§ **YOUR TASK**:
Beginning with the line of the entries below that holds "Christopher Ward Replica Watches" and ending with the line that holds "That Time I", transcribe each line exactly as written. Pictures stay out.

§ **DATASET RECORDS**:
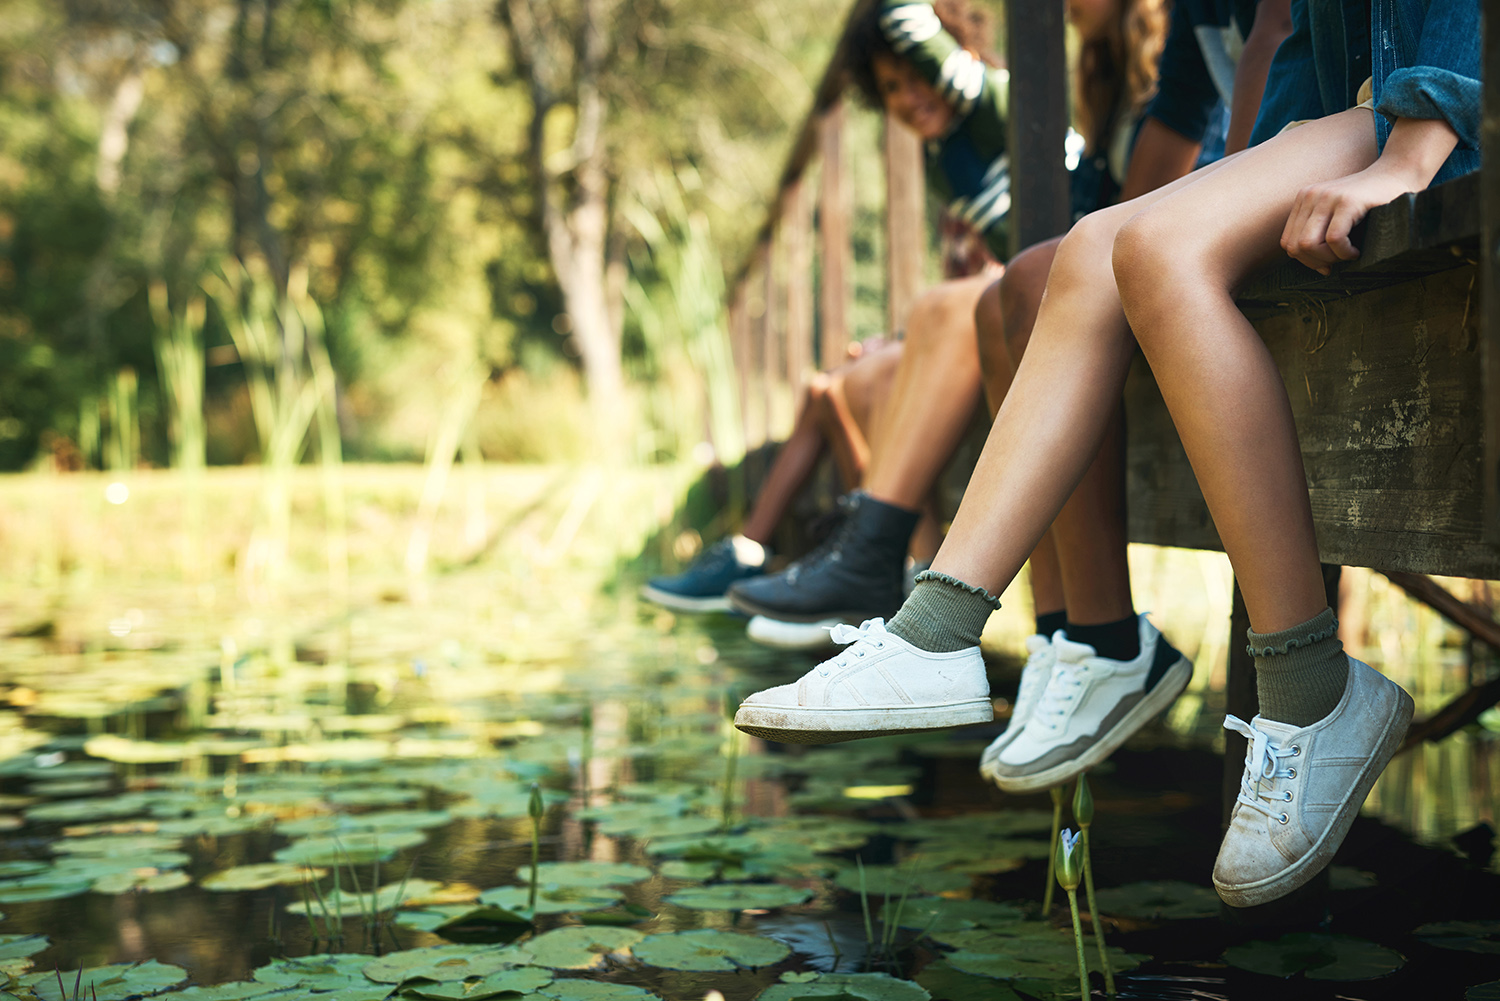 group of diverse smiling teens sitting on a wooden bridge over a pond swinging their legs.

...

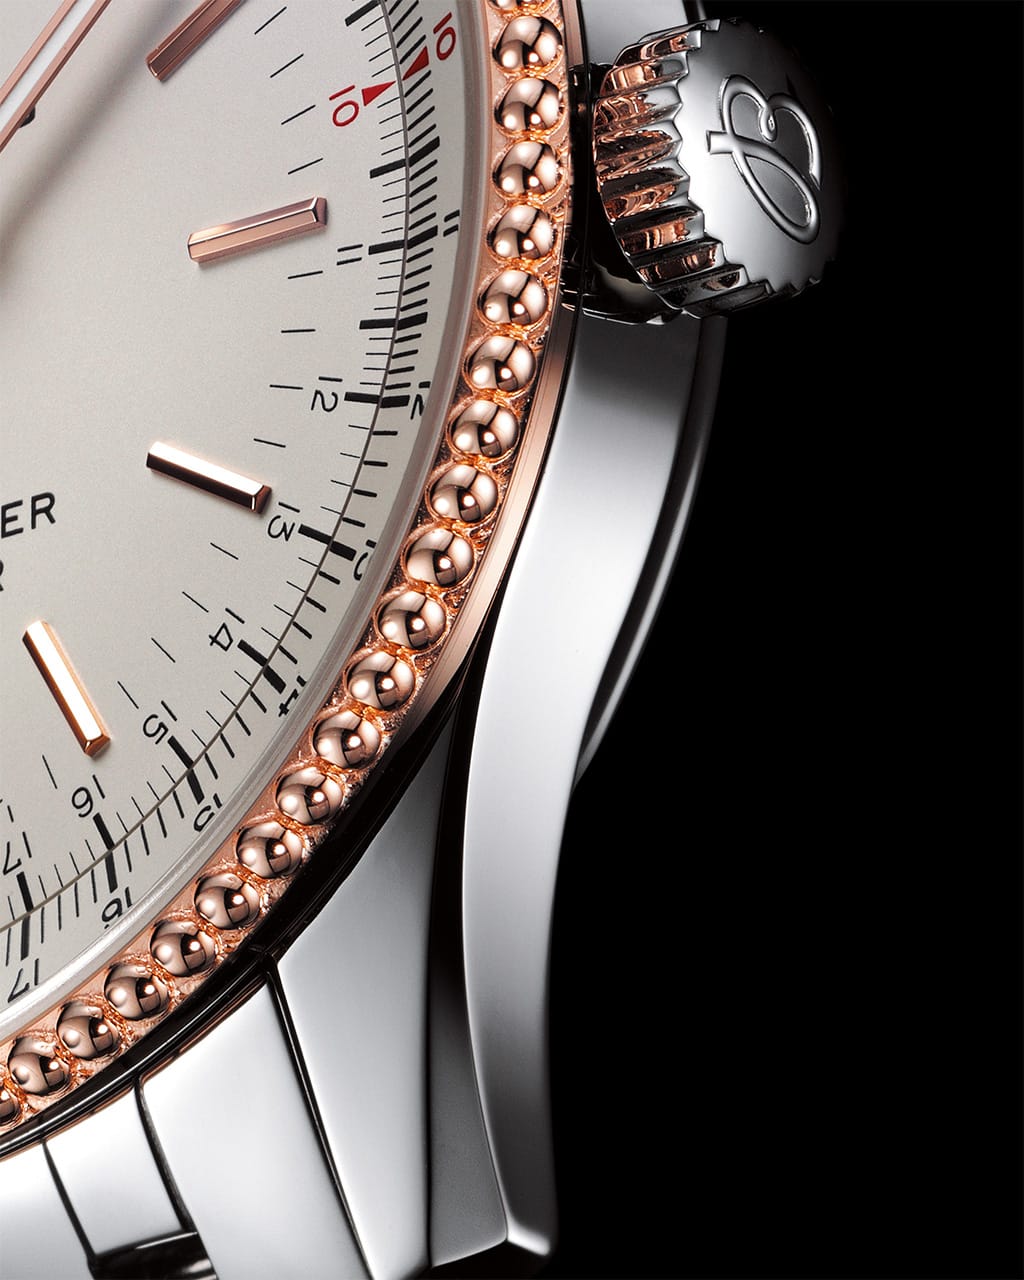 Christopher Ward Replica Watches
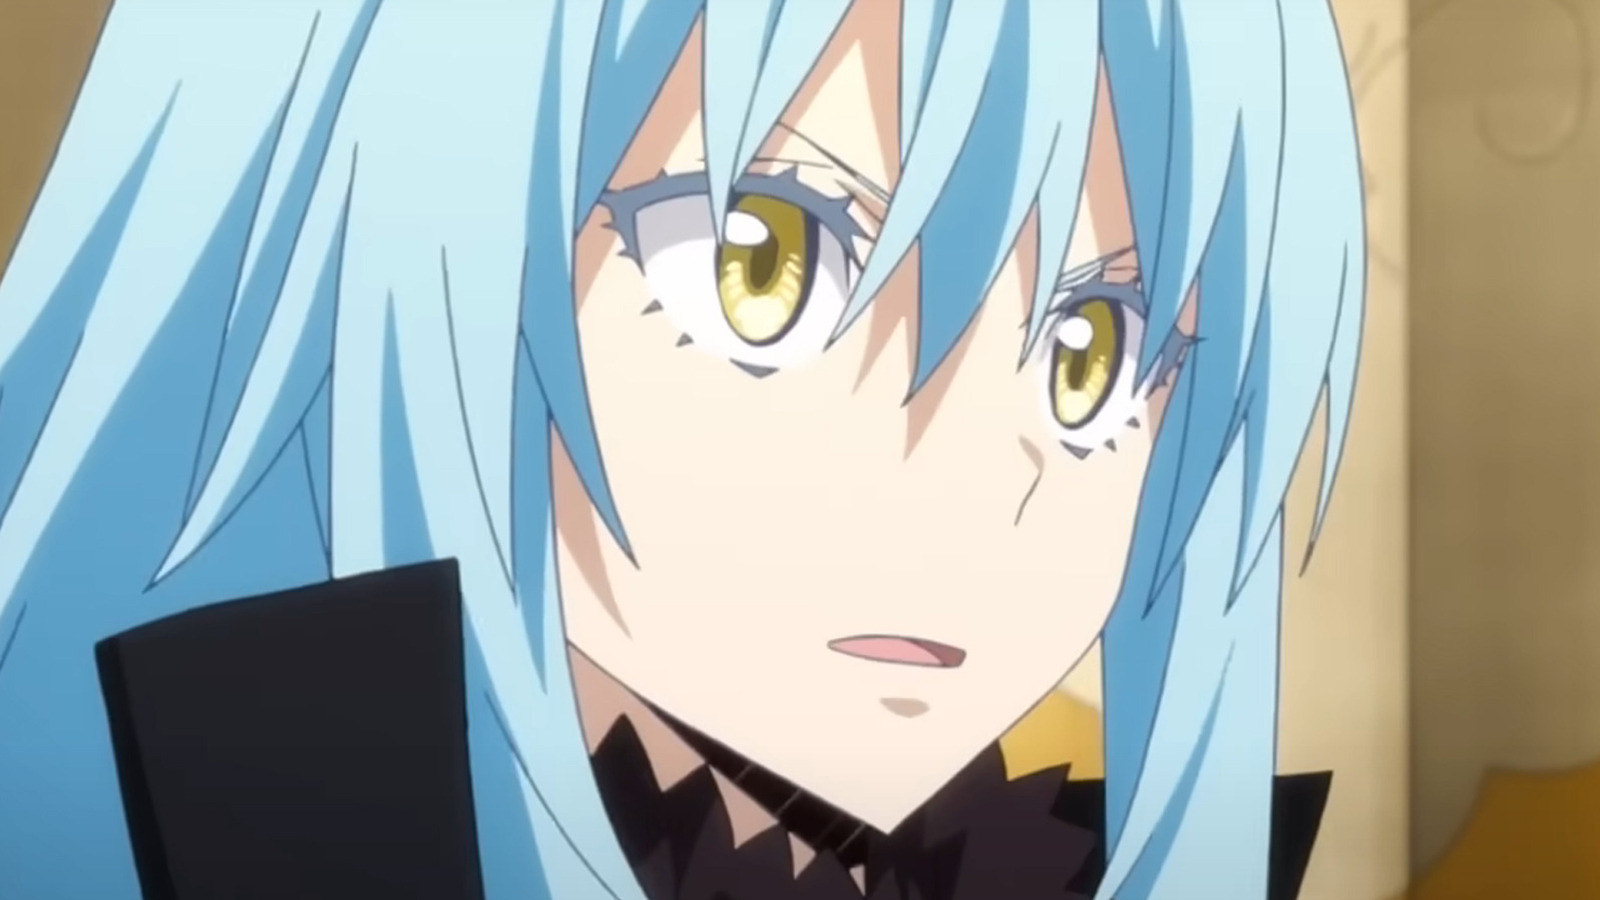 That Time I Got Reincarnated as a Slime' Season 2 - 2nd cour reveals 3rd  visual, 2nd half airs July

§ **THE COMPLETED TASK**:
 Christopher Ward Replica Watches
 That Time I Got Reincarnated as a Slime' Season 2 - 2nd cour reveals 3rd  visual, 2nd half airs July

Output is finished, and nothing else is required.